What beautiful rabbits. I especially love the photo of the guy going through the grocery bag. We once had a rabbit that not only would snoop through the bags but also climb part way into the fridge to see if he had forgotten to look at anything.


----------



## kuniklos

They are so ballzy!

I didn't say it before but I am loving seeing all the tans (and 1/2 tans too! Jaberwock looks absolutely crazy fun!).

I'm glad we have a forum thread for our energetic tan kids.


----------



## Anaira

Oh my, they are all so handsome! I want a tan now! The General needs to tweet more pics of himself! Or then again, maybe it's a good thing he doesn't, his slim and toned body might get Rubey jealous.


----------



## kuniklos

*Anaira wrote: *


> Oh my, they are all so handsome! I want a tan now! The General needs to tweet more pics of himself! Or then again, maybe it's a good thing he doesn't, his slim and toned body might get Rubey jealous.


 I can barely take all those photos without jealousy! I wish I had his body! XD


----------



## naturestee

Here's Guinness! If I remember right, she's about 3 years old. She is the most loving, snuggly, licky bunny I have ever had the pleasure of meeting. She is also the only rabbit that allows my 17-month-old toddler to pet her. These pics are old because I don't really use Photobucket anymore, but that's ok.
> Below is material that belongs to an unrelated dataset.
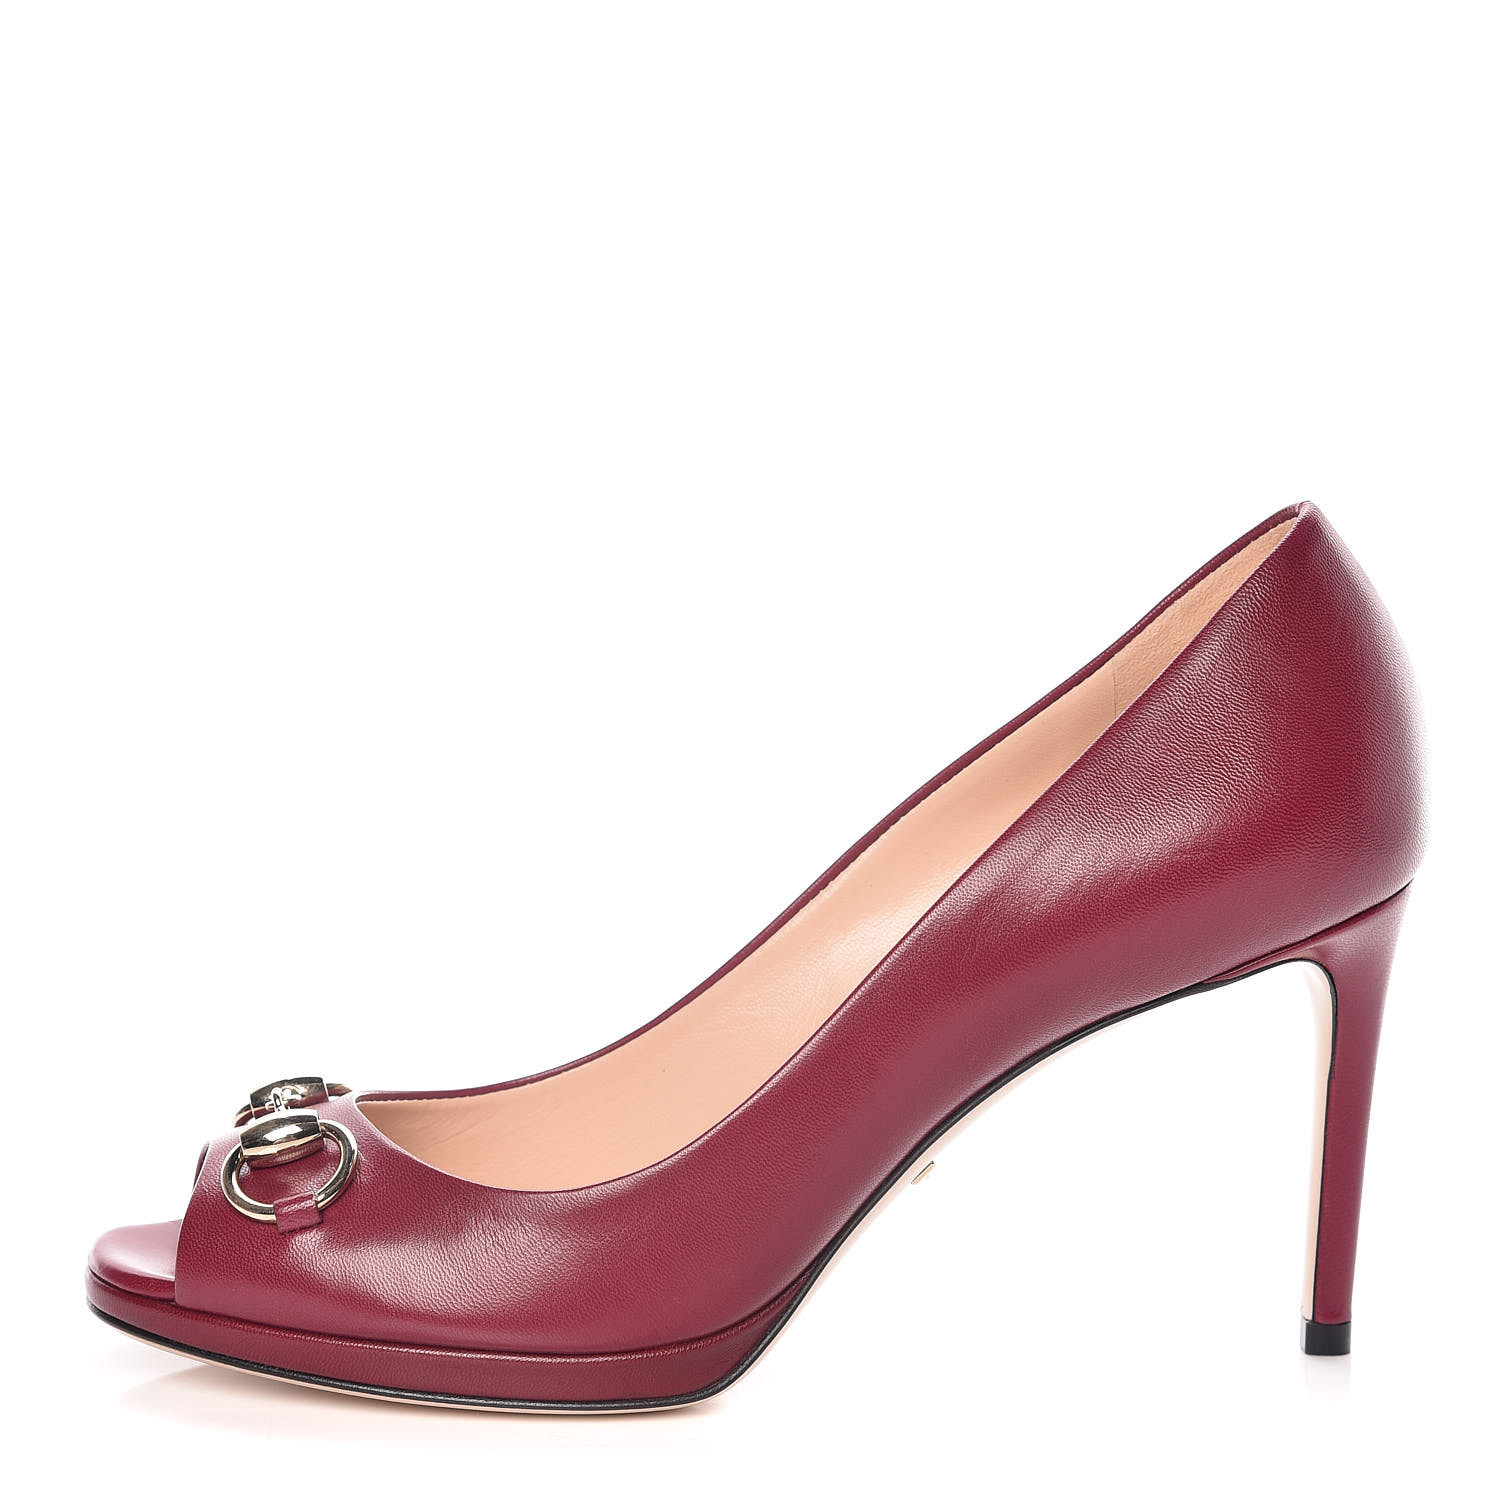 raspberry colored heels
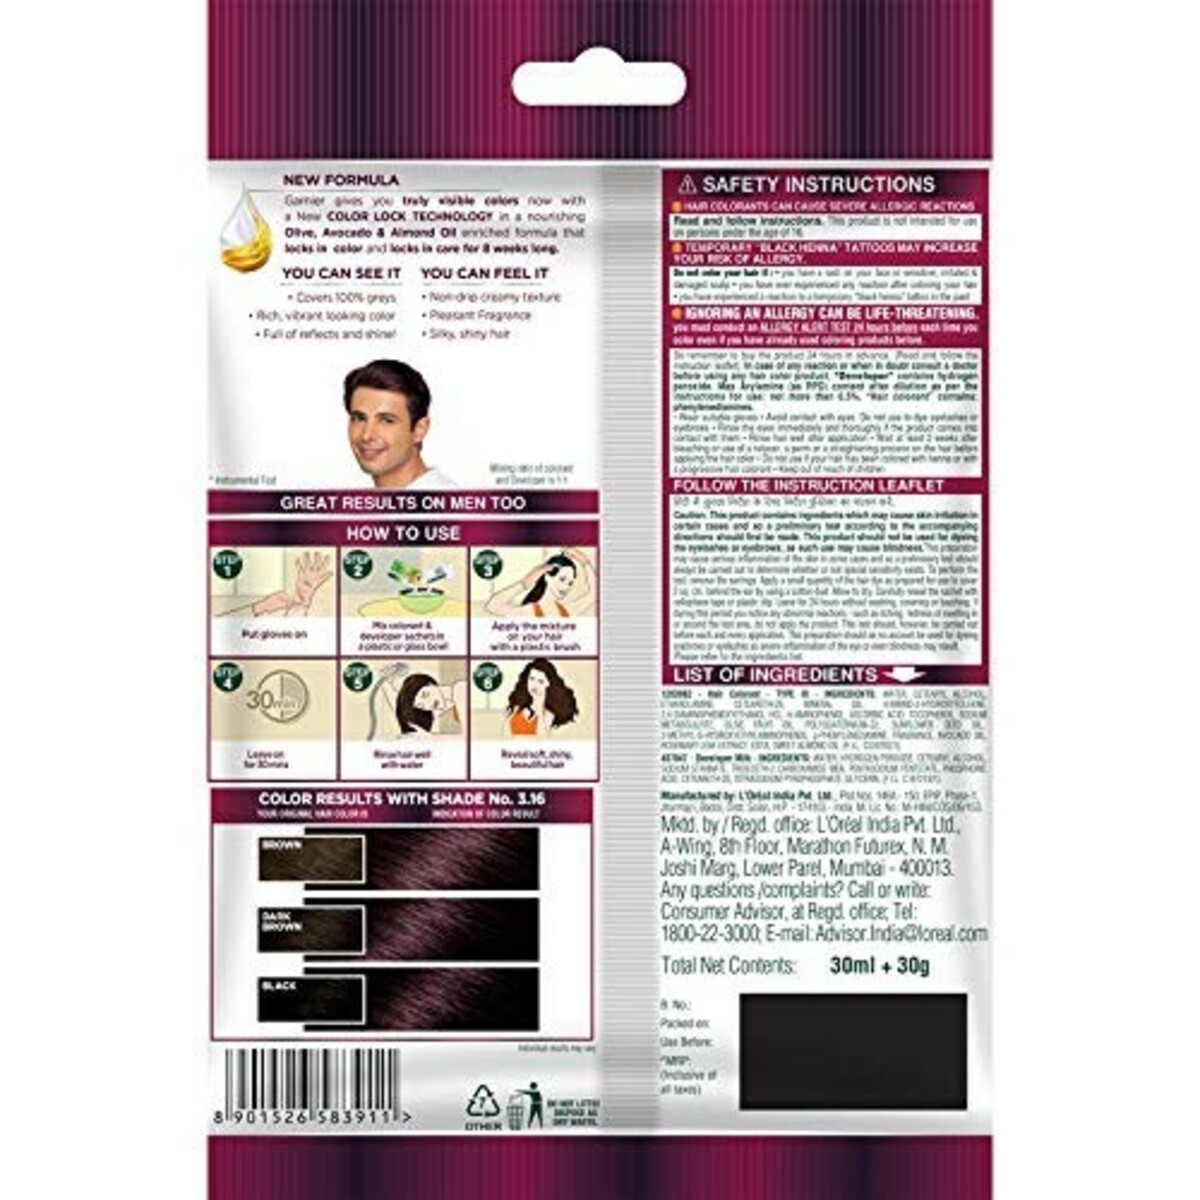 Garnier  Hair Color  Cream Naturals   Burgndy Sachet Shade  3.16

Professional shots of her done while she was at Catnap in Chicago, IL.

























Butt!


----------



## woahlookitsme

i will agree with all the above.

Younger tans are of course more to handle being that they are figuring the world out and you while also having to deal with hormones. All of my older tans (1-3years) are great and so well mannered. They love coming to the front of the cage and so interested in what im doing. Beyonce when i would let her and her five babies out for a good run she would hide from her babies and then jump out run back and forth across the room and tanflop right next to me as i layed on the floor. 

Like i said they are such great rabbits for people who know how to appreciate their booming personalities. I wouldn't give up this breed for the world.


----------



## naturestee

Guinness was labeled as being "aggressive" at the shelter. She was not, she had just never been taught boundaries. She would nip and dig at us for attention and had never been taught that it was inappropriate. So every time she would dig on us or nip, we would unceremoniously chuck her off the couch- gently, of course! She figured it out quickly and became a gentle lap bunny!
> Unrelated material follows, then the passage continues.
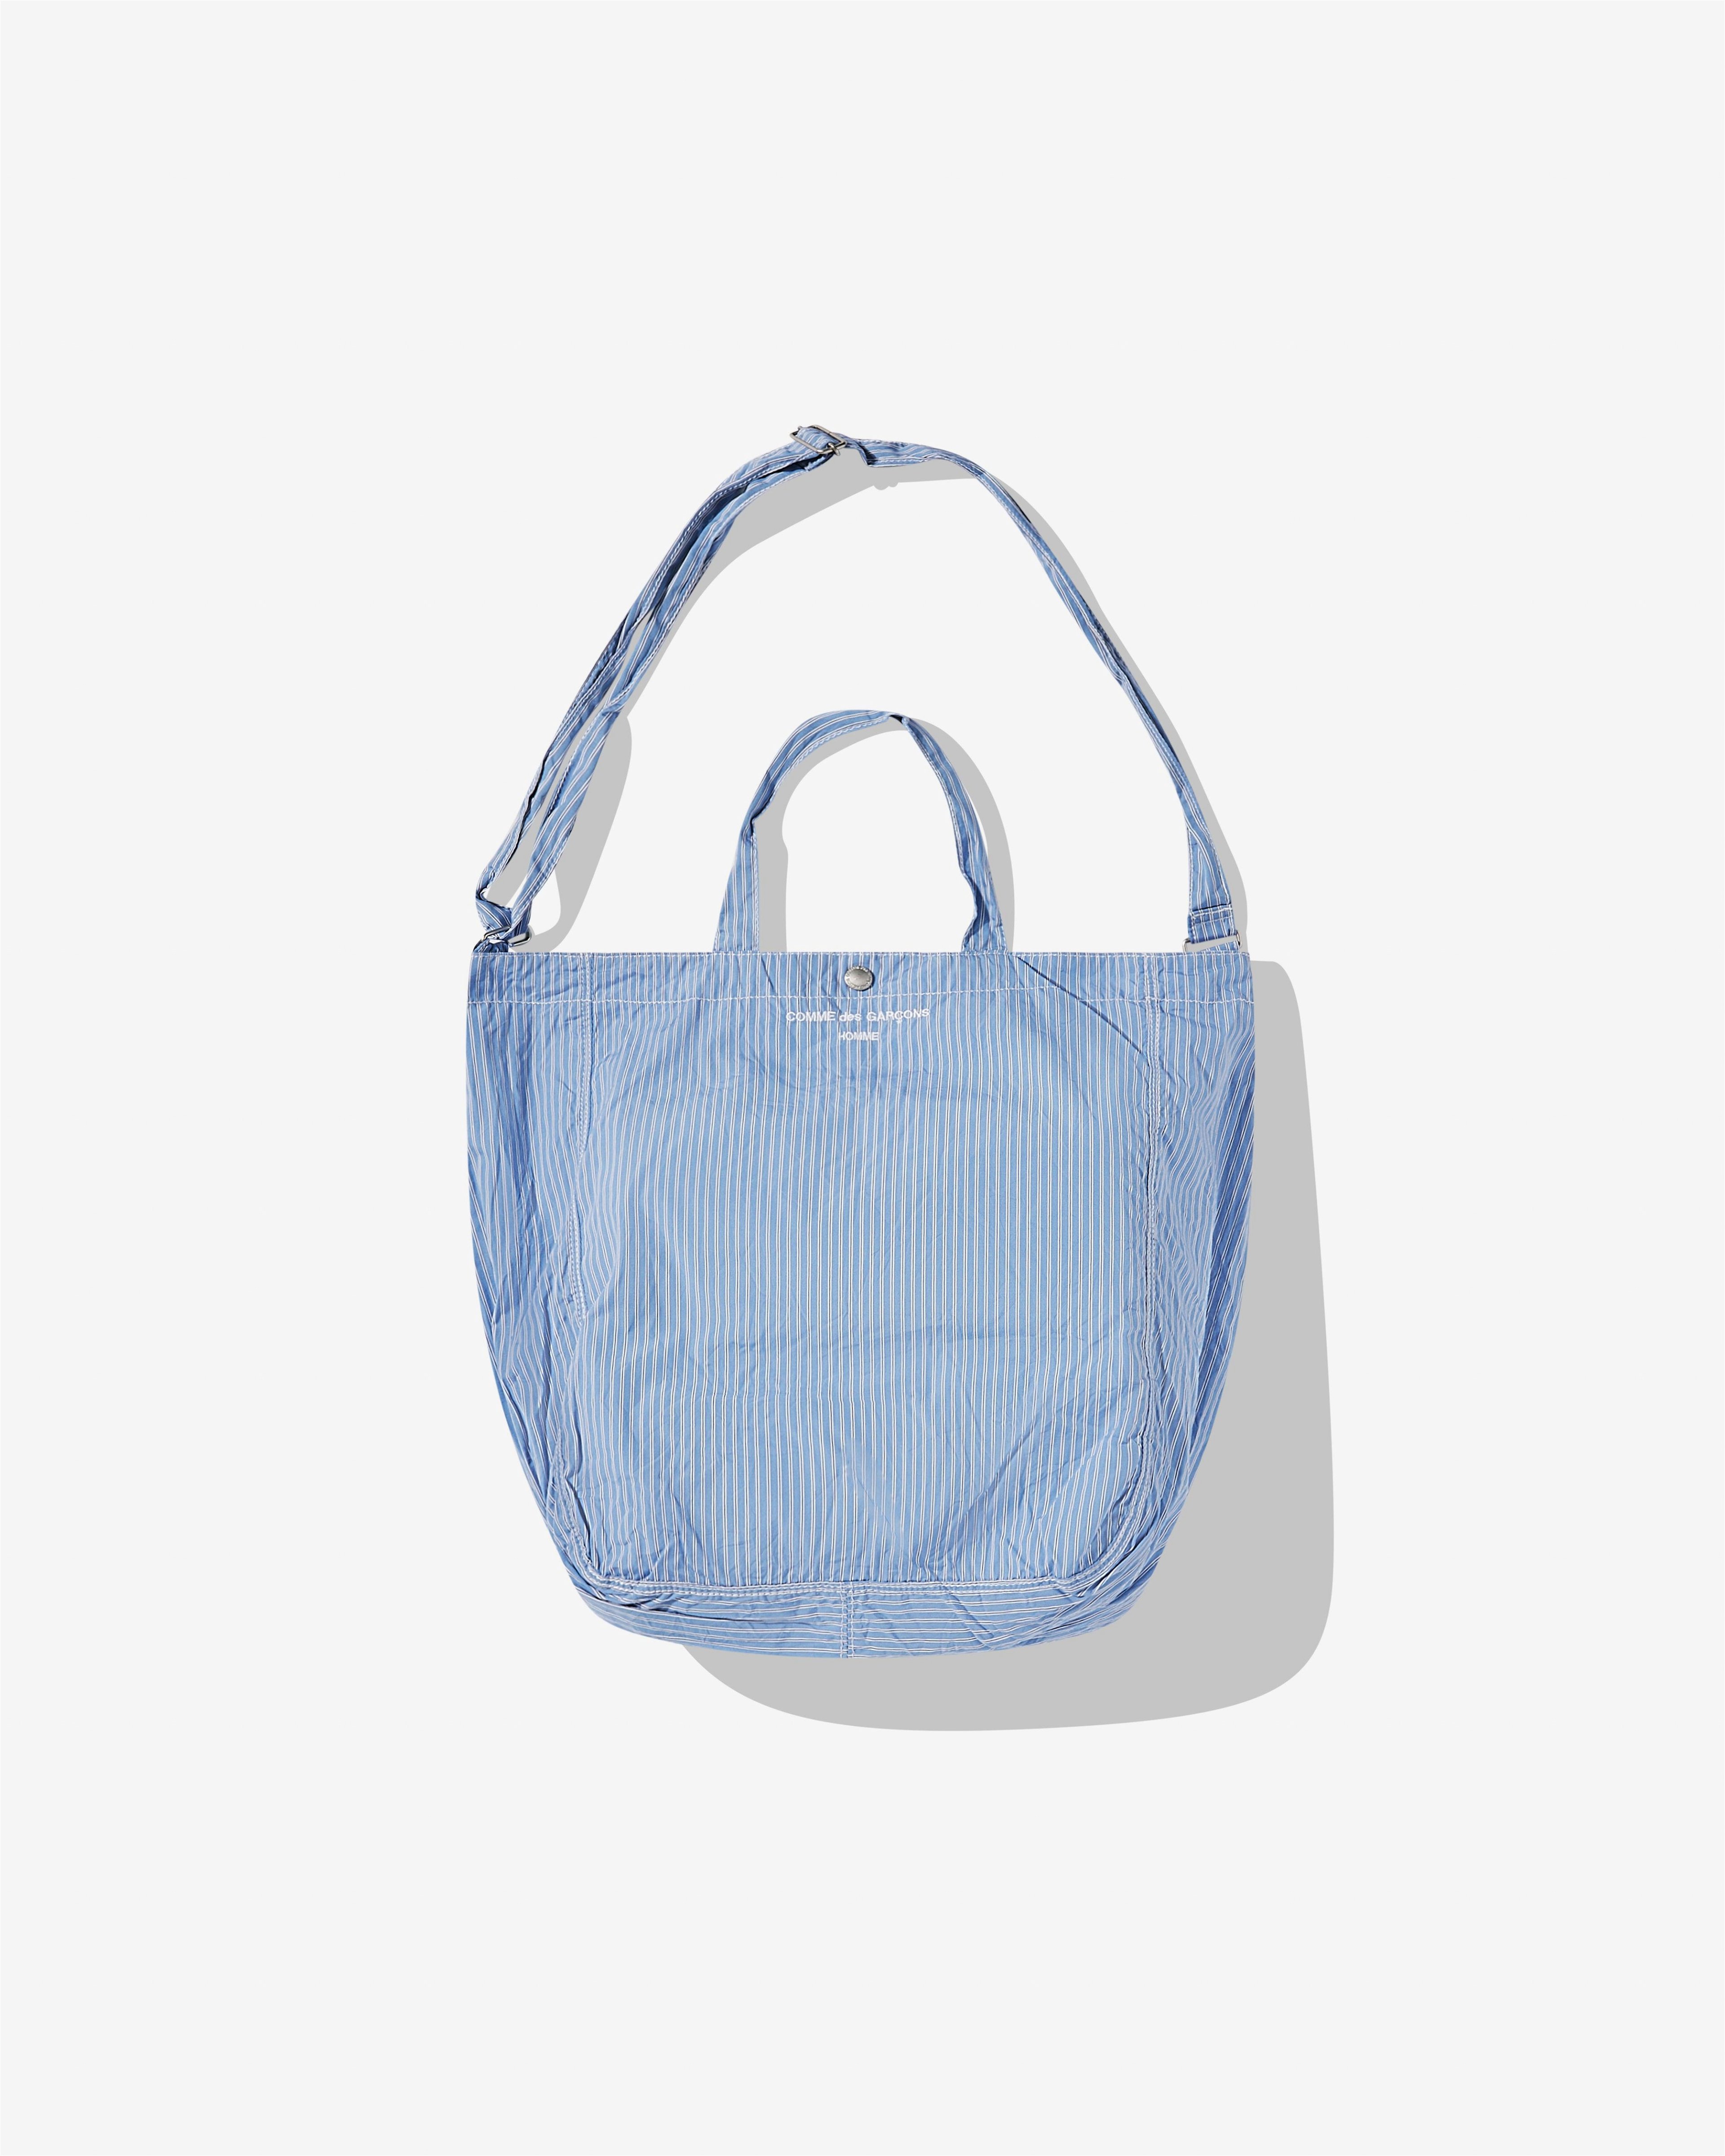 Comme des Garçons Homme - Cotton Tote Bag - (Blue/White) by CDG HOMME

She is definitely a feisty bun and it's amazing how low she can squish to get under furniture. It's hard to bunny-proof well enough to keep her out of places she shouldn't be, like under the couch where she can access wires.

Edit: I love the "tanflop!" What a great word!


----------



## kuniklos

I love how energetic Jabberwocky is! I had been considering trying to jump train my little guy. I think he'd have a lot of fun. That video definitely motivates me to set up something for him. I admit he's not the best on his harness. He doesn't exactly follow with it. But I'm sure that's all part of the training!
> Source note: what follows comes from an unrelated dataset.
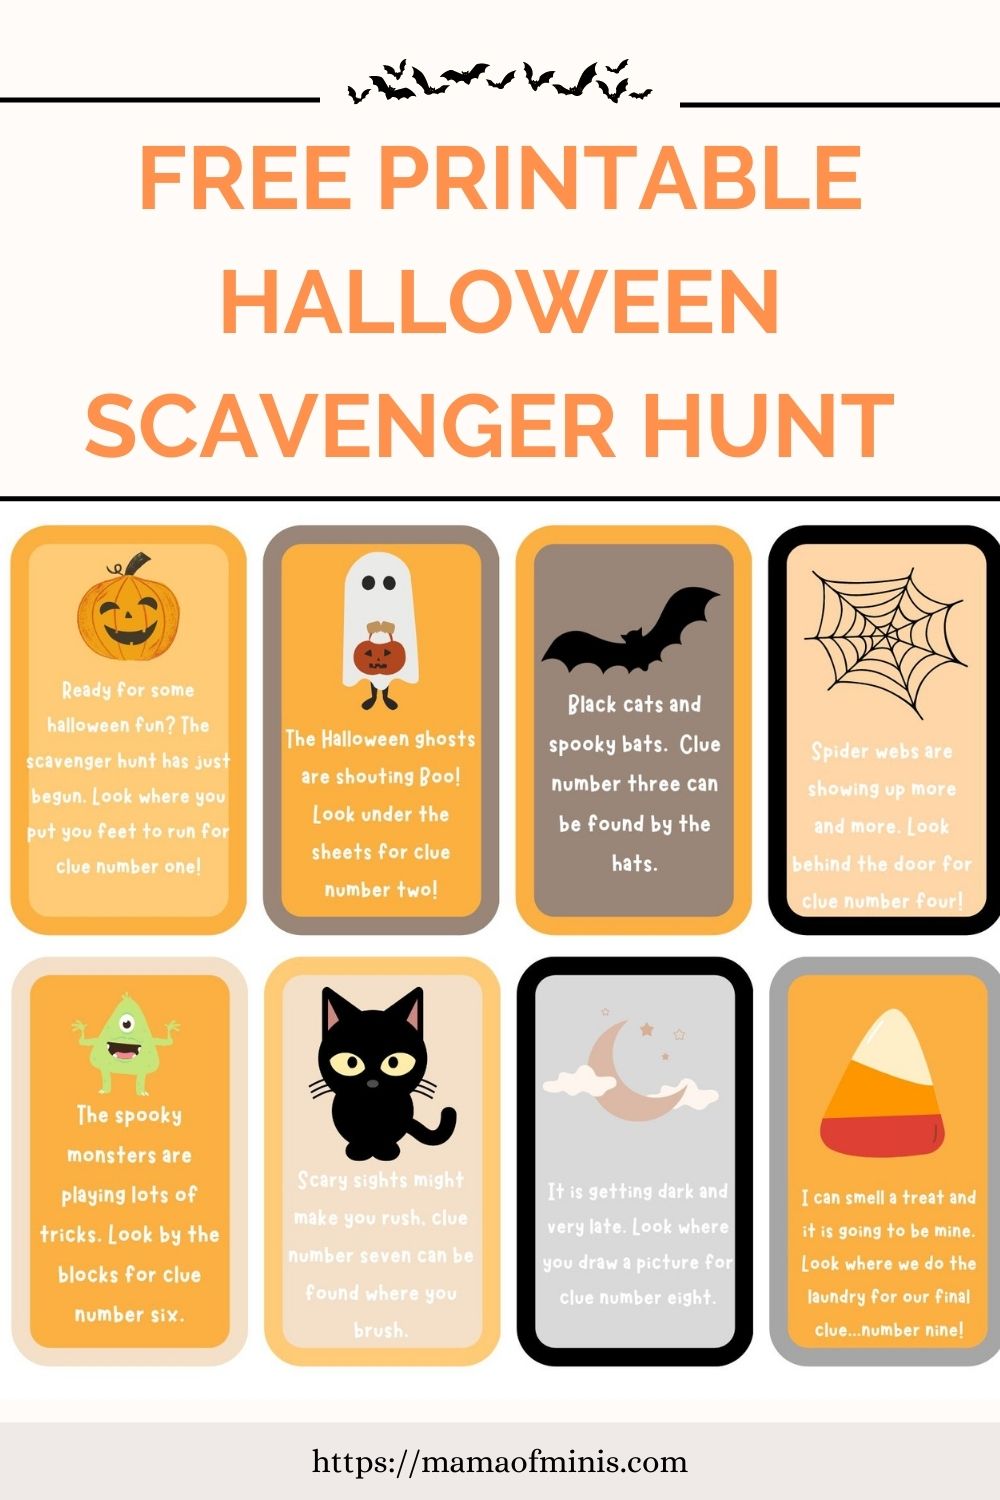 Free Printable Halloween Scavenger Hunt PDF

I am so glad we have this thread now. :hearts:


----------



## kuniklos

I can never get a picture of him in a flop! He always moved when he hears the shutter! He likes flopping into walls. Table be damned, it's not in his way!





Demon eyes!


----------



## DharmaBuns

I am in LOVE with this thread!!! I personally think that the Tan is the most beautiful rabbit breed there is. Perhaps I'm a bit biased, but when I started getting in to rabbit breeding and doing research on all the different breeds, as soon as I saw the Tan I knew that that was the breed for me!

You are so right, they're not a cuddly breed at all. Affectionate and friendly, of course! One of my does, Guardian, is such a lover. She wants her nose scratched/attention ALL the time. When she's on the grooming table she will come up to me, stand on her hind legs and give me kisses. Makes my heart melt every time. I've only had her about 3 weeks now! 

Here are a couple of pictures. They're a bit grainy quality since my camera was running out of battery at the time that I took them 

Here is Ringer, my first doe. She was pretty skittish when she came to me, and even lunged at me a few times, but she really has calmed down a lot. She now comes over and asks me for scratches:


----------



## I_heart_Fraggles

Look at all them tans.....I will be showing this thread to poor Fraggles and hopefully she can pick out the tan who framed her for all that stuff in our apartment from this series of "mugshots".


----------



## Tuckerbunnies

What brilliant photos and gorgeous bunnies :hearts


----------



## kuniklos

Happy Picture time with his human. Mild grump emanating.






Being a handsome devil.






Male human in his way. Does not like. Grumpy face lickings begin.






Offering of grape excepted. Human can remain as table.






My birthday was yesterday and a friend of mine made me handmade bunny soap! The General had to investigate and decided the ribbon was his gift from her.


----------



## kuniklos

Fear the beast!


----------



## woahlookitsme

You finally got him in a tanflop and almost half asleep LOL! I love these pictures and this thread  

Here are some CUTE babies!! 

Day one pic (I have two litters one of 7 and one of 2. We had to foster some over to the smaller bunch but they are growing nicely.





Day 9










Day 13 and 14

























I think they were day 20-25 in these





momma(serena) and baby










This is all of them thrown together in our famous bathroom. Pic and videos! These were taken this past weekend they're now 1 month old





I absolutely adore their type!!
[flash=425,344]http://www.youtube.com/v/MtO-dNiPYCc&feature=g-upl&context=G21b01eeAUAAAAAAACAA&hl=en&fs=1[/flash]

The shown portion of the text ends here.